So what you'll see here is that if the link is resolvable, it'll show you the new URL, the URL that it actually points to. If it is not resolvable, it'll just kick back your original request, which is the HTTPS, you know, is.gd slash whatever the slug is. And so that's exactly how that works.
So there were a couple of errors along the way. So bad requests, hosts that no longer exist, you would get for like a 404 error. Also, things that would hold up the script would be something like streaming media, right? Because the curl request just constantly grabs data and it actually hung up my server a little bit
or the script. So I would have to stop it, move that URL, and then continue on with the scrape. Because imagine like a URL being shortened to like SOMA FM or whatever, the curl request is just constantly pulling for that next media, that next piece of information. So that was a problem.
But that's why it was a good idea to keep an eye on it. So here are some of the statistics. Now this is actually pretty interesting. So again, just to kind of refresh your memory, you have 2.3 million links in this lowercase word pronounceable space. Now of that, only about 230,
or sorry, 228,000 links were resolved. So that's about nine, almost 10%. And of the original 1.3 billion links that are actually resolved on LinkedIn, or not LinkedIn, sorry, that's the whiskey talking, on Isgood, only about .01% was resolved, if we're looking at that statistic.
All right, now that I've kind of explained exactly what I was doing to scrape, let's look a little bit at the data, which I'm sure is the interesting part, right? So what you're seeing here on the absolute right side, the white text, is the entire count for how many of particular links were there.
So what I mean by that is, at the very top, you see 141,444. Those are 141,444 unique links that are referenced in this scrape. At the very bottom, you're gonna see one link, but that's referenced 66,000 times.
So maybe that's an interesting point of data to take a look at, and it actually is. We'll get into that in just a second. And it varies from the top all the way down. So you have two links that are 35,000, et cetera, et cetera, et cetera, and that's how that data goes. I tried to graph it, didn't work so well. Gotta work on that. Now here's our media analysis
on the stuff that we've scraped. So we have JPEG, APKs, Zips, MP3s, C, that's C source code, PNG files, PDFs, EXEs. We found a lot of stuff here. When I say we, I mean me and the voices in my head. But yeah, so this is like a media analysis of exactly what we found.
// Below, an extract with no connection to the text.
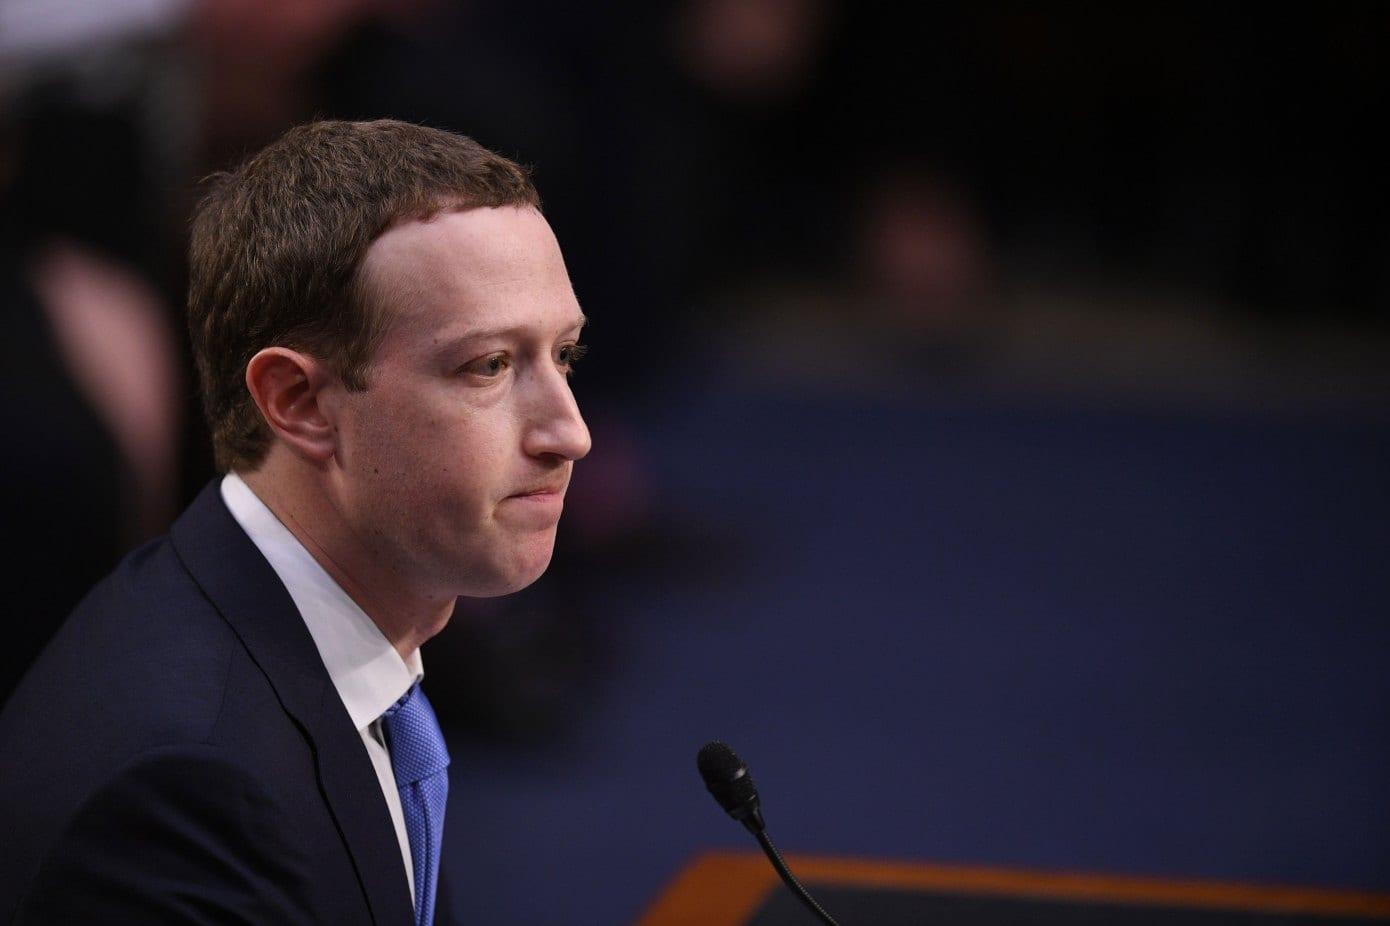 Il Comitato di Facebook chiede a internet che fare di Donald Trump

Again, the text on the right side is the actual data counts. Now again, I've only used native Linux tools, so we're talking like cut, sort, unique, stuff that you'd normally find on a Linux computer or Unix. Now what we can do though with this data, because I've saved it into a text file,
so every URL that was resolvable, I saved into its own text file. So now we can make that searchable. Now what do we search for? We can search for keywords, like username equals, password equals, invoice, and you'll find exactly what you're looking for, really.
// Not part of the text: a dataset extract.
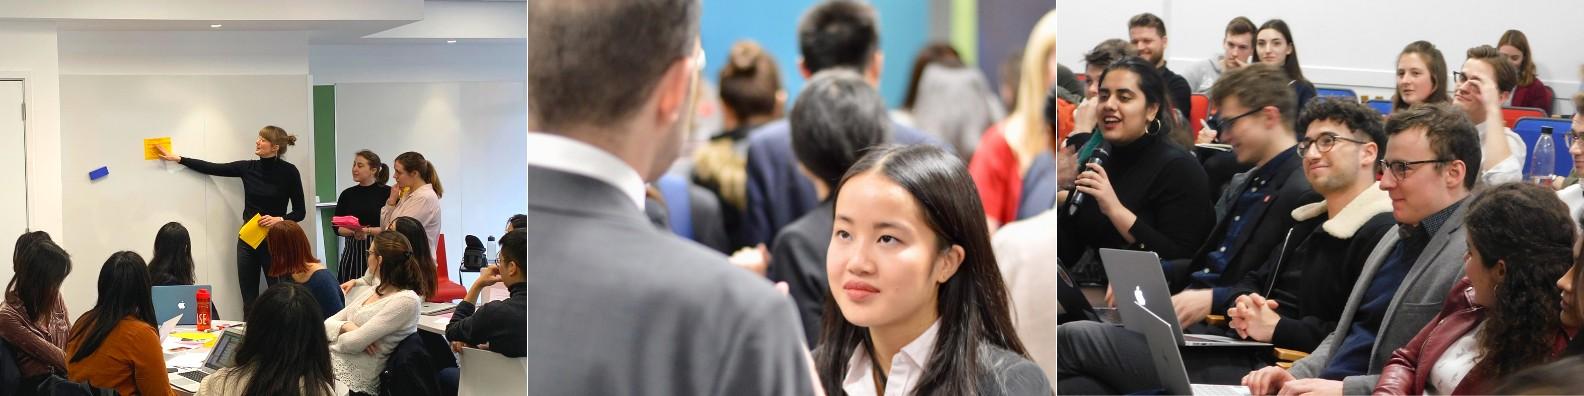 LSE Careers   LinkedIn

And also, of course, at the very end of the file, you can search for Excel type of file endings, .doc. You can find anything specific that you're looking for, as far as like, you know, the PDF file format, those types of file formats. And there's the screenshot of,
this is an invoice from February 12th, 2018. Of course, the username, the email was kind of blocked, kind of blocked out, at least you know it's from Gmail, but that did have an address along with first and last name. So it's a good starting point. Now, what does this actually infer for us?
Like, what does this tell us? Okay, well, is there stocking potential? Probably, of course. We could potentially uncover people of interest, and I could talk about that in just a second with that screenshot at the bottom. And of course, the link on the right side is why was this particular address or block referenced 46 unique times?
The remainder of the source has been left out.